Segment Start: SOURCE MATERIAL

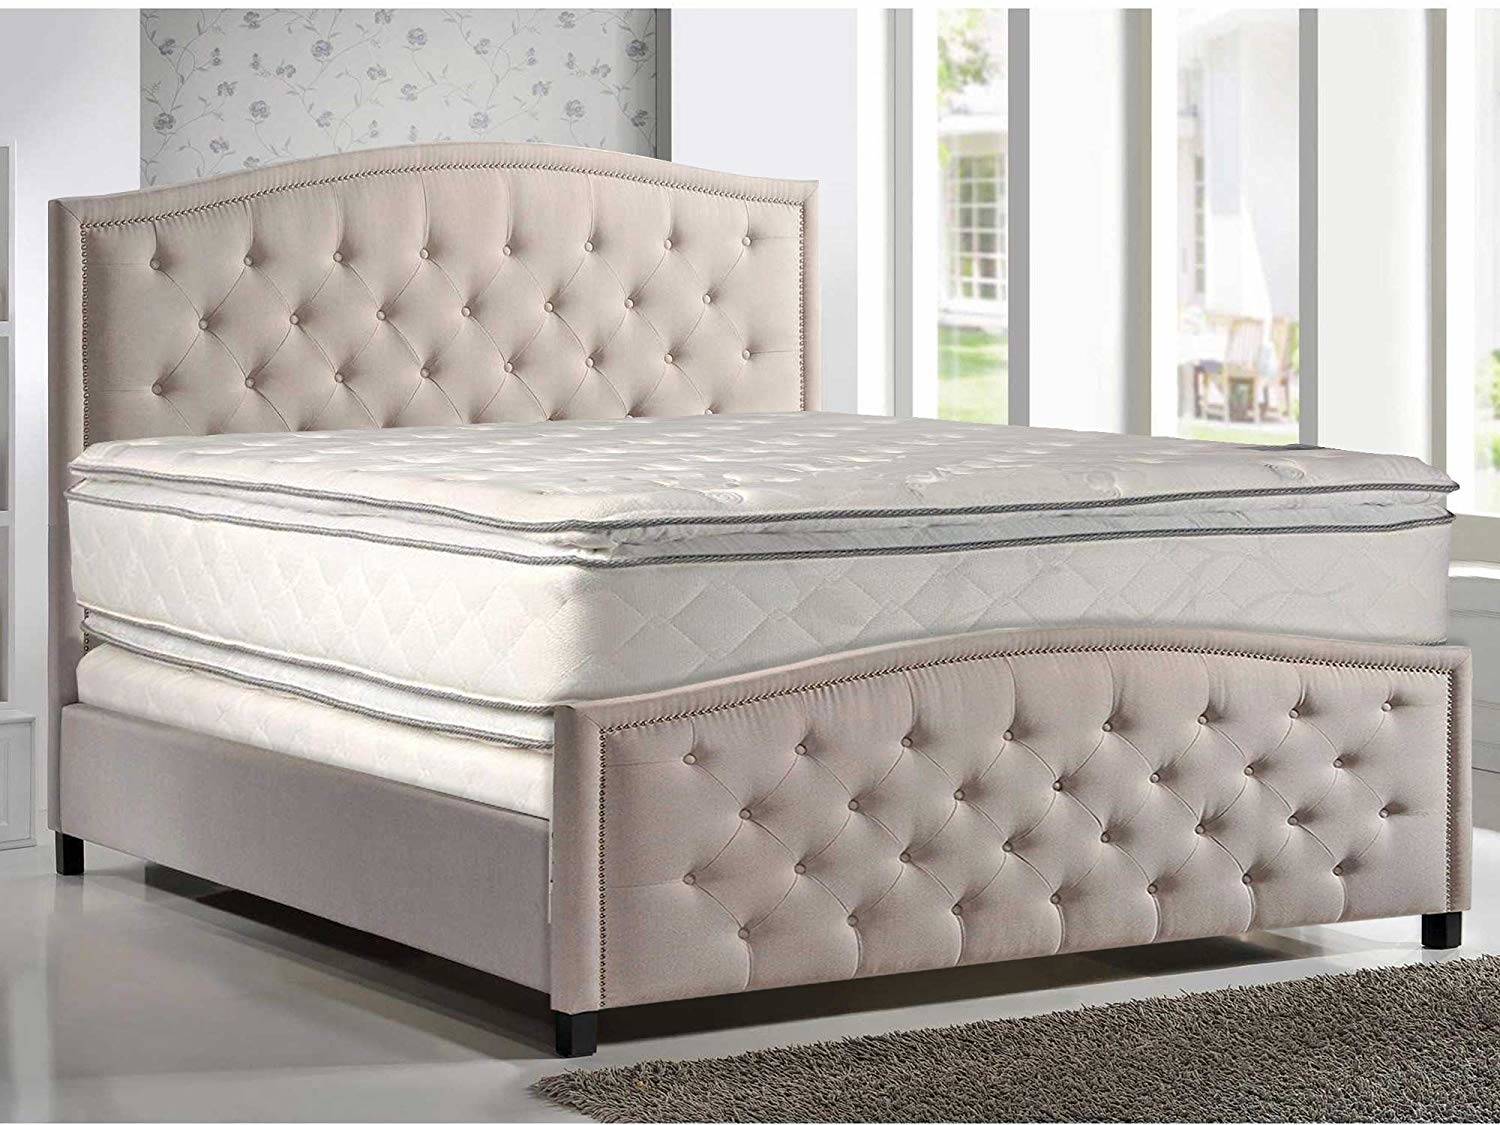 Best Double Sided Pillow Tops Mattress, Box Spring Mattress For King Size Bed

Segment End: SOURCE MATERIAL
Segment Start: SOURCE MATERIAL

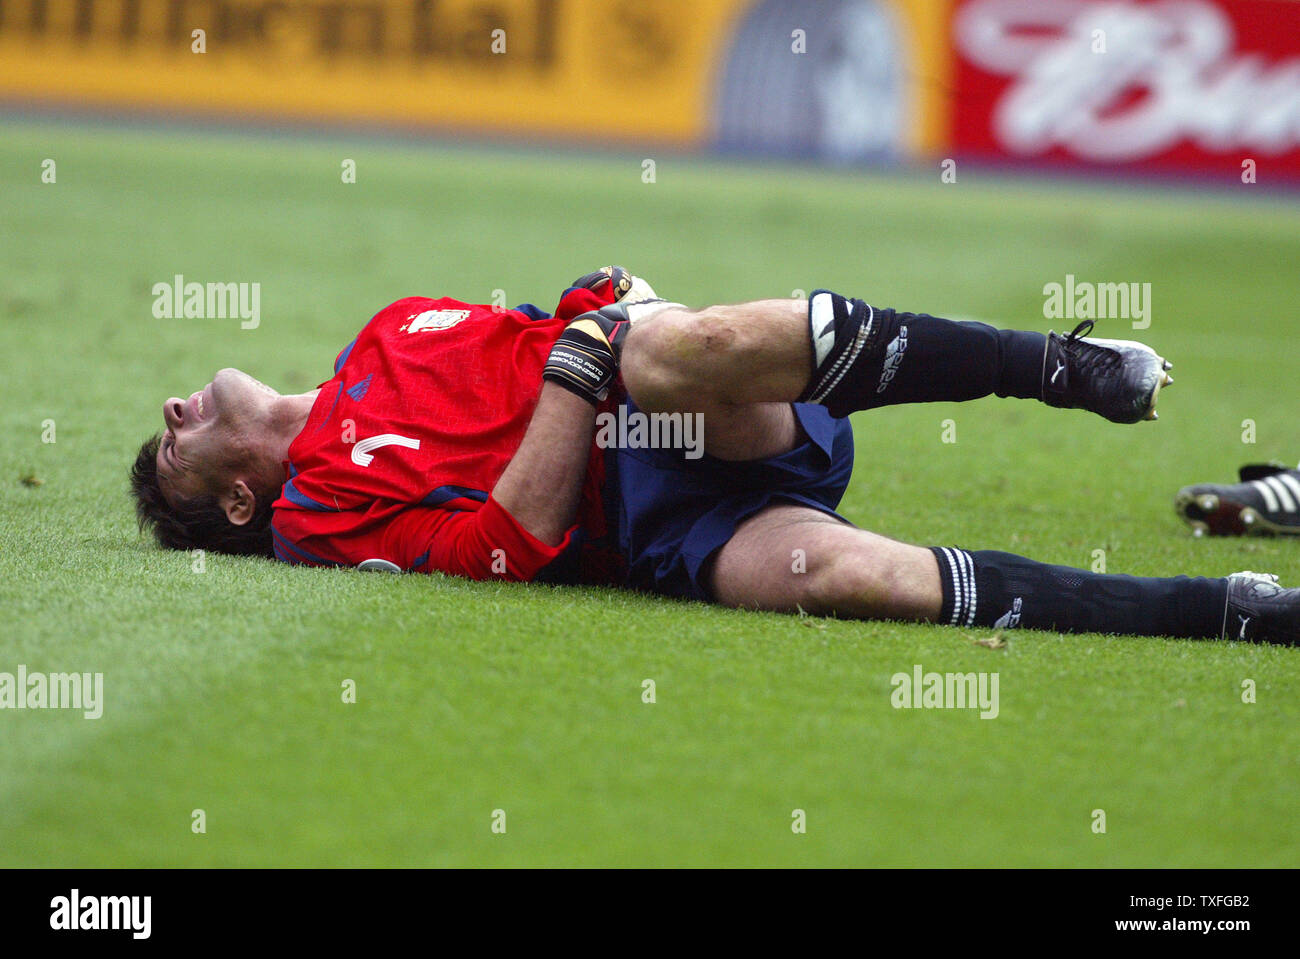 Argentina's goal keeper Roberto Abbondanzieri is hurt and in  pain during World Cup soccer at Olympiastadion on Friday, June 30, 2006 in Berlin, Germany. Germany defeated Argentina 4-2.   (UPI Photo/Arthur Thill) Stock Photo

Segment End: SOURCE MATERIAL
Segment Start: SOURCE MATERIAL

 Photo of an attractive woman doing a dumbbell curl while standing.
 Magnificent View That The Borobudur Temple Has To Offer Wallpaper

Segment End: SOURCE MATERIAL

• _TO DO_
In the listing above, find the line with "Photo of an" and the line with "Magnificent View That"; set down exactly those two lines and every line between them, nothing more.

• _EXERCISE ANSWER_
 Photo of an attractive woman doing a dumbbell curl while standing.
 Magnificent View That The Borobudur Temple Has To Offer Wallpaper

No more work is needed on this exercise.